Intinya, semangat di
balik adagium di atas adalah semangat skeptisisme dan revisionisme. Ia
membangun mosi “tidak percaya” terhadap sumber-sumber sejarah yang selama ini
dijadikan acuan dan menggantikannya dengan sumber-sumber alternatif. Anda
dapat membaca entri mengenai historiografi dalam New Dictionary of the
History of Idea yang ditulis oleh Daniel Woolf.
Entri sepanjang 54
halaman ini (termasuk bibliografinya), berisi sketsa ringkas mengenai seluruh
tulisan sejarah penting yang mencakup penulisan sejarah pada periode 2000 tahun
sebelum Masehi dan 2000 tahun sesudah Masehi.
Di dalamnya terdapat
begitu banyak sub-genre historiografi termasuk juga tendensi penulisan sejarah
dalam sejumlah segmen budaya (Barat, Islam, China, Korea, Jepang, dan India).
Woolf mengakhiri entri ini dengan menyimpulkan bahwa memang ada hubungan yang
sangat dekat antara pengaruh para pengusa dengan penulisan sejarah. Tetapi,
penulisan sejarah tidak selalu dilakukan oleh para “pemenang”.
Sebaliknya, penulisan
sejarah juga dilakukan oleh para “losers”, mis. Tucydides, Felipe Guaman Poma
de Ayala dari India, penyair dan sejarahwan bernama John Milton, dan para
pejuang revolusioner yang gagal meraih tujuan perjuangan mereka). Bahkan
sejarah tidak selalu ditulis oleh para “pemenang.”[3]
Contoh
lainnya, Anne Frank, penulis Het Achterhuis pada tahun 1947,
diterbitkan dalam bahasa Inggris dengan judul The Diary of a Young Girl. Seorang
losers yang merupakan penyintas yang selamat dari tragedi
Holocaust. Namun, sejarah ditulis bukan hanya oleh pemenang
atau para losers, tapi oleh mereka yang memelajariya.
Di Indonesia bentuk
propagada yang begitu kental di era Perang Dingin, munculya Partai Politik
yang ideologinya dan aktivitasya dilarang sampai saat ini, berdasarkan TAP
MPRS Nomor XXV/MPRS/1966 TAHUN 1966 Mengeai Pembubaran dan Pelarangan PKI juga
tumbuhnya ideologi Marxisme, Leninisme, dan Komunisme.

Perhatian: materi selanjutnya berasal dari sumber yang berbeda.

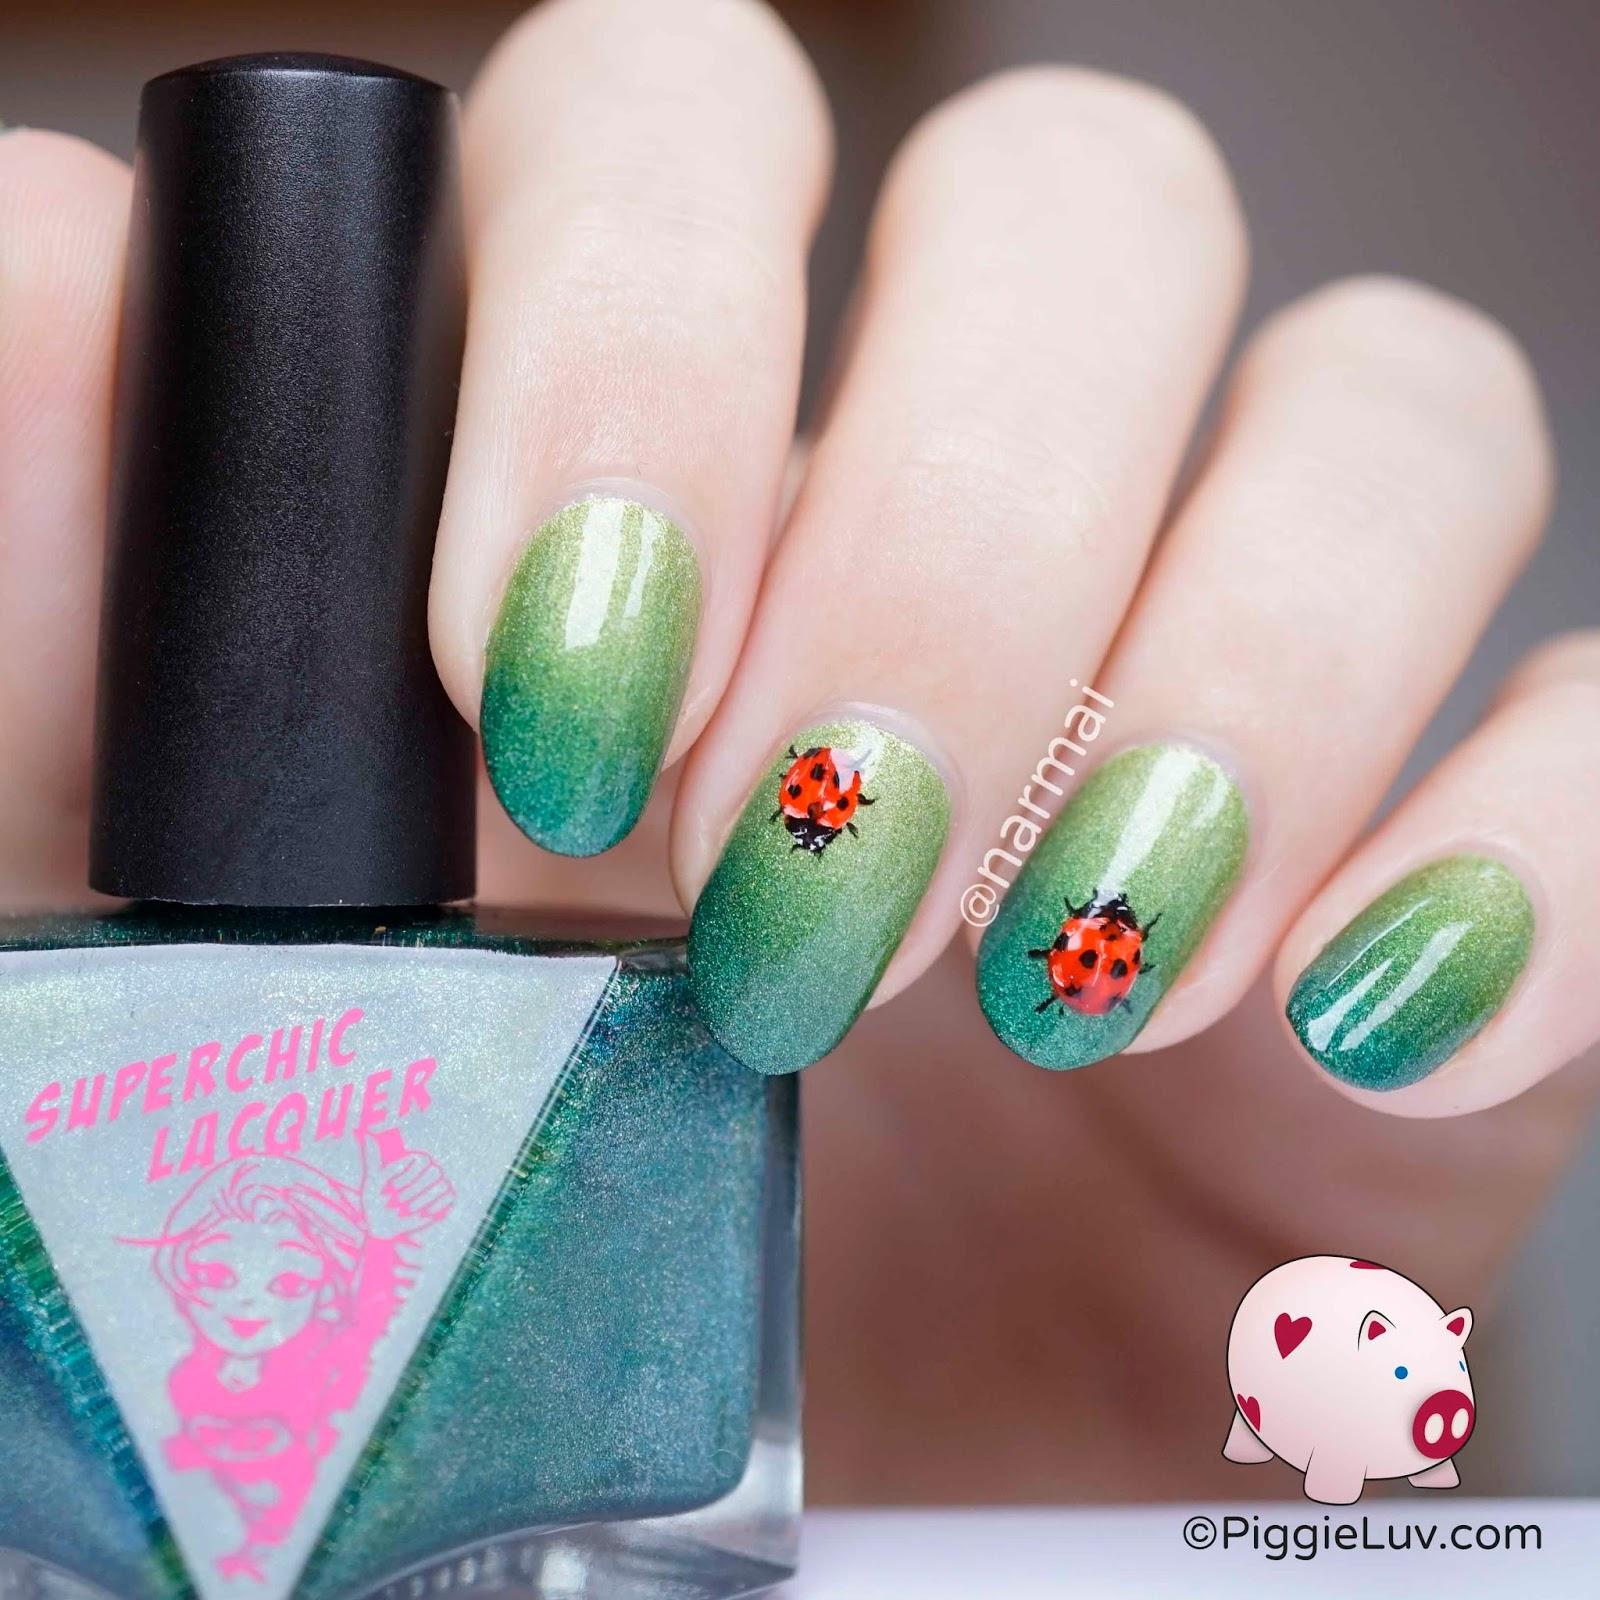 PiggieLuv: Freehand ladybug nail art

Karena di masa itu kebenaran
ditekan oleh pihak penguasa, lalu muncul adagium tadi sejarah ditulis oleh
pemenang, yaitu rezim orde baru kala itu Soeharto. Ini logika yang salah.
Kalau ada baca buku,
Mujiburrahman mengenai PKI maka pandangan anda terhadap sejarah yang ada
pelajari dibangku sekolah akan begitu kontras, juga buku Robert Cribb,
dalam bukunya The Indonesian Marxist tradition, juga buku Prof. John
Roosa, atau Herbert Feith dalam
bukunya “Pemikiran Politik Indonesia 1945-1965.” dan Ben
Anderson, muncul pertanyaan apa mereka pemenang? Bukan.
Mereka adalah orang
yang mengedepan rasionalitas dan logic untuk melihat bahwa ada yang salah
dengan rezim saat itu, ini juga erat kaitannya dengan kematian Bung Karno
seperti yang ditulis dalam buku Indonesia X-File oleh dr.
Mun'im.
Kalau kita kembali
menilik ke belakang, pada abad kegelapan (The dark and middle ages) dulu
kebenaran itu dipegang atau diucapkan benar oleh para pemuka agama, yang
mana pada zaman itu tumbuh dan berkembang yang namanya feodalisme, yang
akhirnya saat itu bangsa Eropa yang kita kenal dan dianggap
memiliki budaya yang lebih dari bangsa lain dan juga peradaban menjadi
kebingungan dan hilang kepercayaan terhadap gereja dan juga konsep
Ketuhanan hingga muncul suatu konsep yang disebut dengan rasionalisme meskipun
beberapa abad setelah abad kegelapan ini. Paham rasionalisme ini terus
berlanjut hingga masuk ke sejarah filsafat modern, idealisme Jerman, bahkan
hingga filsuf pendiri fenomenologi, Edmund Husserl. Husserl sendiri melakukan
radikalisasi atas konsep cogito Descartes.
Di zaman
ini pula yang disebut dengan zaman renaissance, dimana mulai
muncul penentuan kembali kepribadian manusi yang juga menimbulkan
individualisme atau bibit dari liberalisme.
Sejarah bisa ditulis
siapa saja, tapi biasanya sejarah akan dipengaruhi justru oleh para budak atau
mereka yang secara historis adalah orang yang kalah.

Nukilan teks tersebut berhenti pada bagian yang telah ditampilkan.